Joe Sacco, l’inventeur du « BD-journalisme », lève le voile sur les ravages du colonialisme canadien avec Payer la terre, un album retraçant le difficile parcours des Dénés, un peuple autochtone des Territoires du Nord-Ouest.
Joe Sacco est un artiste unique. Avec la parution de l’album Palestine: une nation occupée dans les années 1990, il combine ses deux passions, soit le journalisme et le dessin, et donne naissance à un nouveau genre, la « bande dessinée de reportage », qui consiste à utiliser le neuvième art pour présenter les résultats d’une enquête journalistique. Après Gaza, la Bosnie-Herzégovine, la Somme ou son île de Malte natale, le « BD-journaliste » s’est rendu cette fois-ci au nord du 60e parallèle, dans les Territoires du Nord-Ouest, afin de découvrir les Dénés, ce peuple autochtone méconnu habitant une région aussi grande que la France et l’Espagne réunie.
Pour raconter l’histoire de la nation déné, Joe Sacco a interviewé des dizaines de personnes, et ce sont leurs témoignages qu’il met en images dans Payer la terre. En plus d’ex-chefs de bande, de directeurs d’écoles, de missionnaires, de négociateurs territoriaux pour le gouvernement ou d’anciens Premiers ministres des Territoires du Nord-Ouest, il donne également la parole à des autochtones qui voient dans l’exploitation des ressources naturelles et les gazoducs une façon de s’extirper de la pauvreté, ou d’autres qui apprécient leurs Ski-Doo et ne voudraient absolument pas revenir à l’époque des attelages de chiens. En évitant ainsi de tomber dans une vision monolithique et angélique de l’Amérindien « protecteur de la terre », le portrait de la communauté présenté ici est nuancé, et beaucoup plus proche de la réalité.
Un crayon et un calepin sont sans doute moins intimidants qu’une caméra, et les gens se sont livrés à Sacco avec énormément de générosité, partageant des moments intimes, et souvent déchirants, de leur existence. Ensemble, ces témoignages tissent une vaste fresque historique, qui décrit aussi bien le mode de vie traditionnel des Dénés, régi par la nature et la migration des animaux, que les nombreux traités et imbroglios juridiques visant à les déposséder de leur territoire et de leur culture. Les récits sur les pensionnats autochtones crèvent le cœur, et l’injustice à laquelle ce peuple a été soumis révolte au plus haut point, mais la bande dessinée se termine tout de même sur une lueur d’espoir, en présentant une jeune génération qui tente de renouer avec ses traditions, et ses racines.
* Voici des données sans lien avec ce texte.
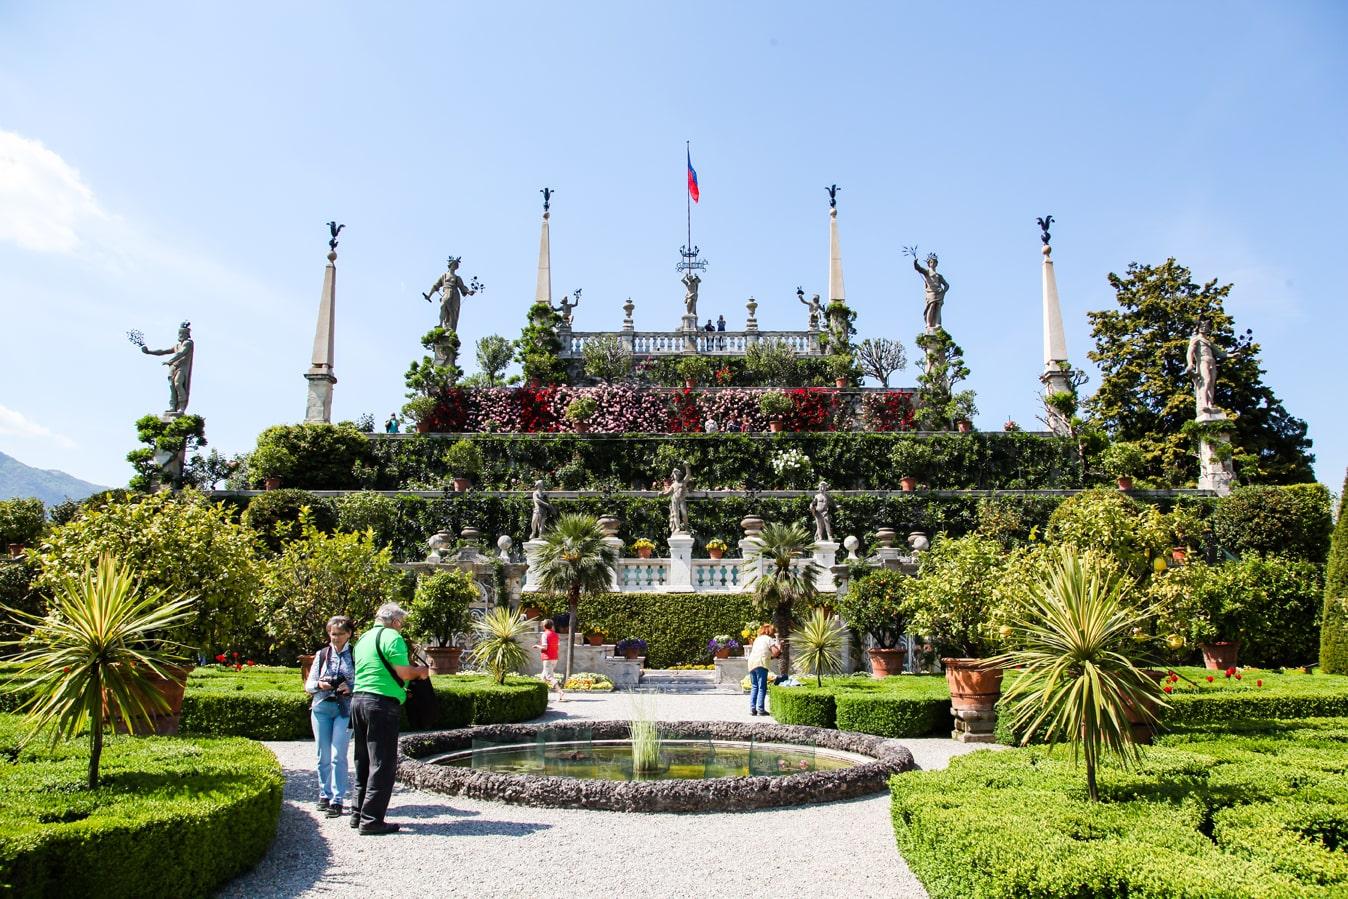 фонтан Боромео, фонтан, фонтан острова Мадре, фонтан в Италии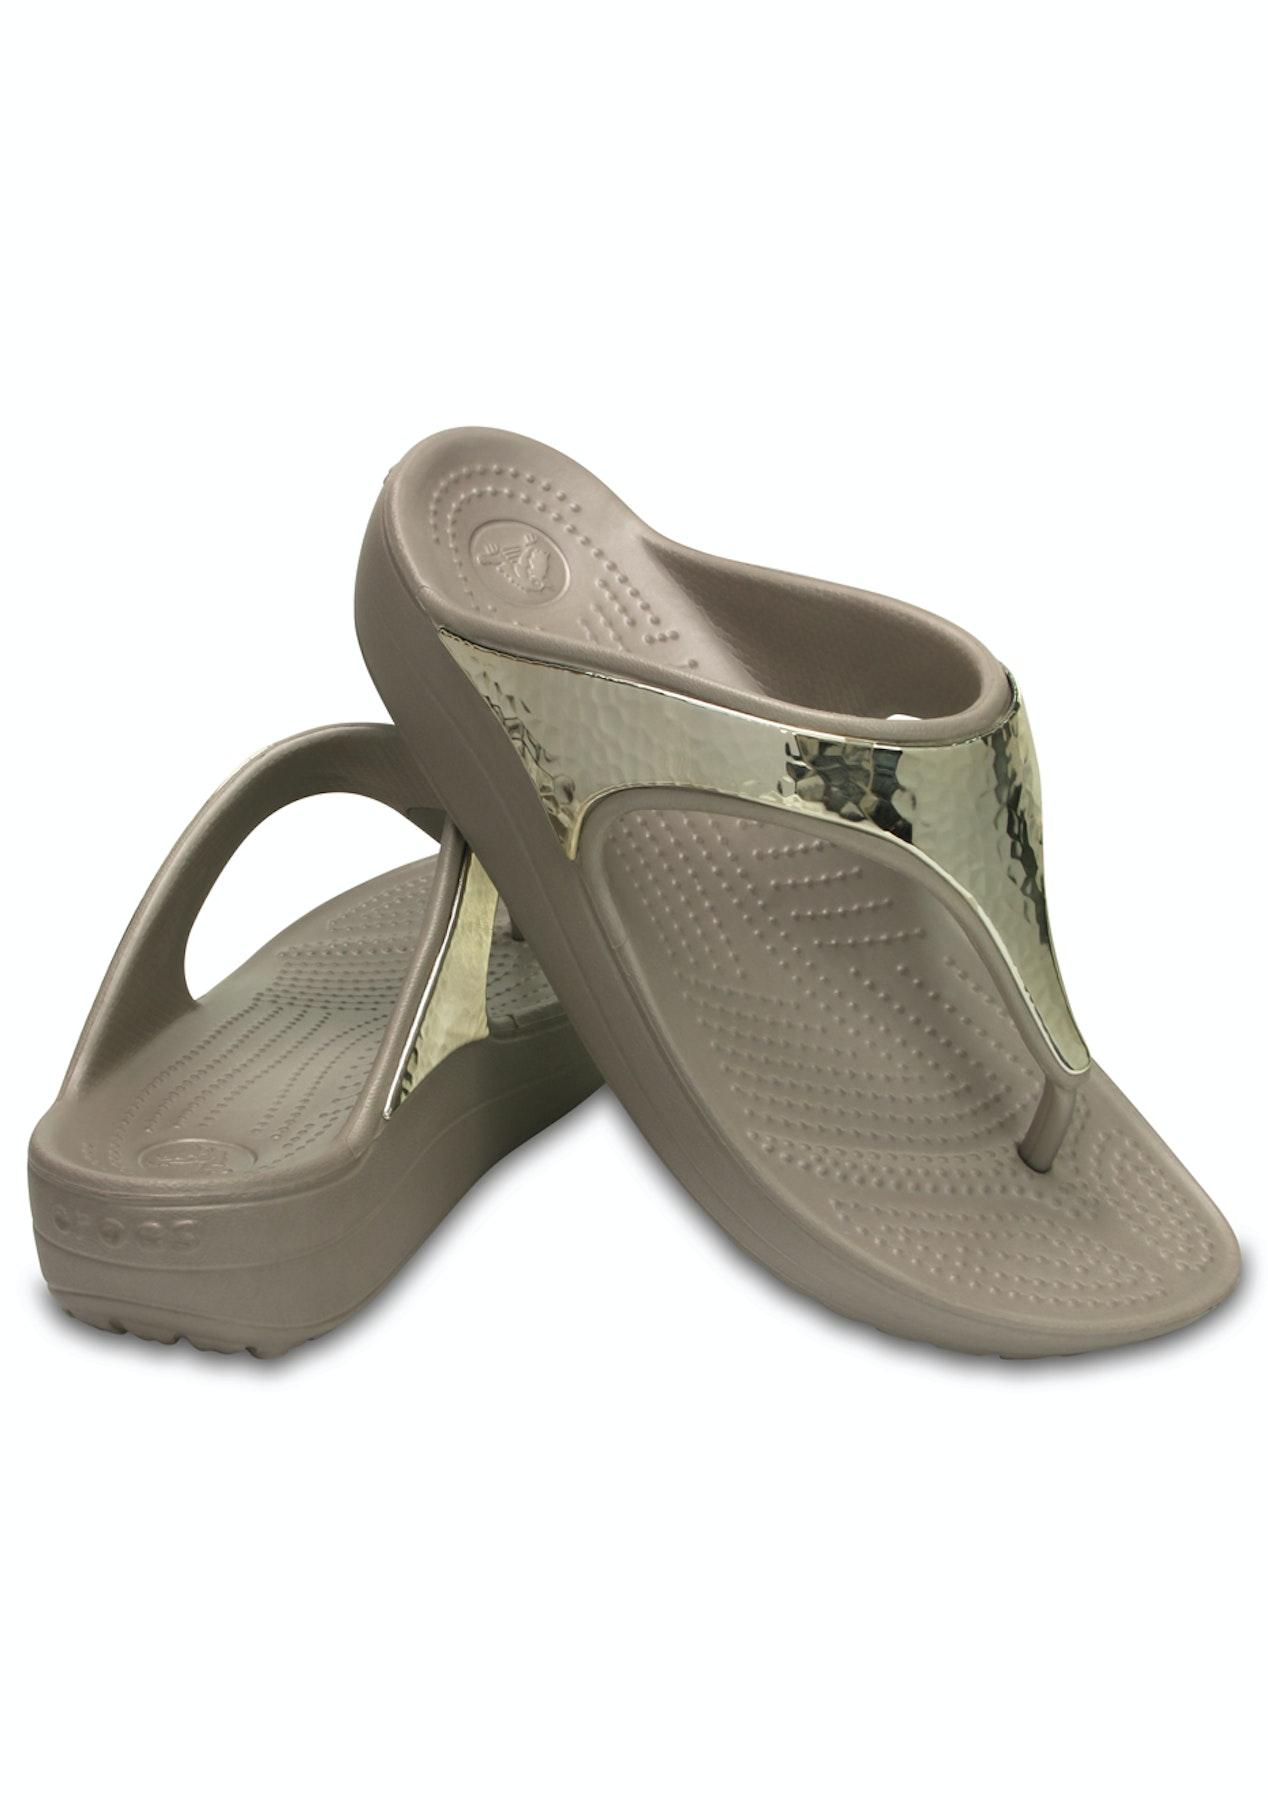 8531c14c39d9 CROCS - Womens Crocs Sloane Embellished Flip - Platinum - Crocs - Onceit

Les dessins de Joe Sacco sont d’une précision et d’un réalisme remarquables, et chaque image est remplie de dizaines de fines lignes recréant les textures d’écorce, le lainage de chemises à carreaux, ou les visages burinés par une existence à moins 40 degrés. Ses planches transmettent la grandeur et la rudesse des Territoires du Nord-Ouest, autant à travers les paysages majestueux que les camions démesurés ou les gigantesques enchevêtrements de tuyaux des installations pétrolières. Son crayon nous transporte dans le passé, esquissant les campements des Dénés au 19e siècle et les méthodes de chasse traditionnelle, et délaissant la plupart du temps les cases, il laisse ses illustrations s’imbriquer les unes aux autres sur la page de manière organique, ce qui crée de très belles compositions graphiques.
Le colonialisme est une tache sur l’histoire du Canada, et à l’heure où des membres des Premières Nations bloquent des voies ferrées, la bande dessinée Payer la terre constitue une lecture essentielle pour mieux comprendre leurs revendications, et le génocide culturel dont ils ont été victimes d’un bout à l’autre du pays.
Payer la terre, de Joe Sacco. Publié aux éditions Futuropolis, 272 pages.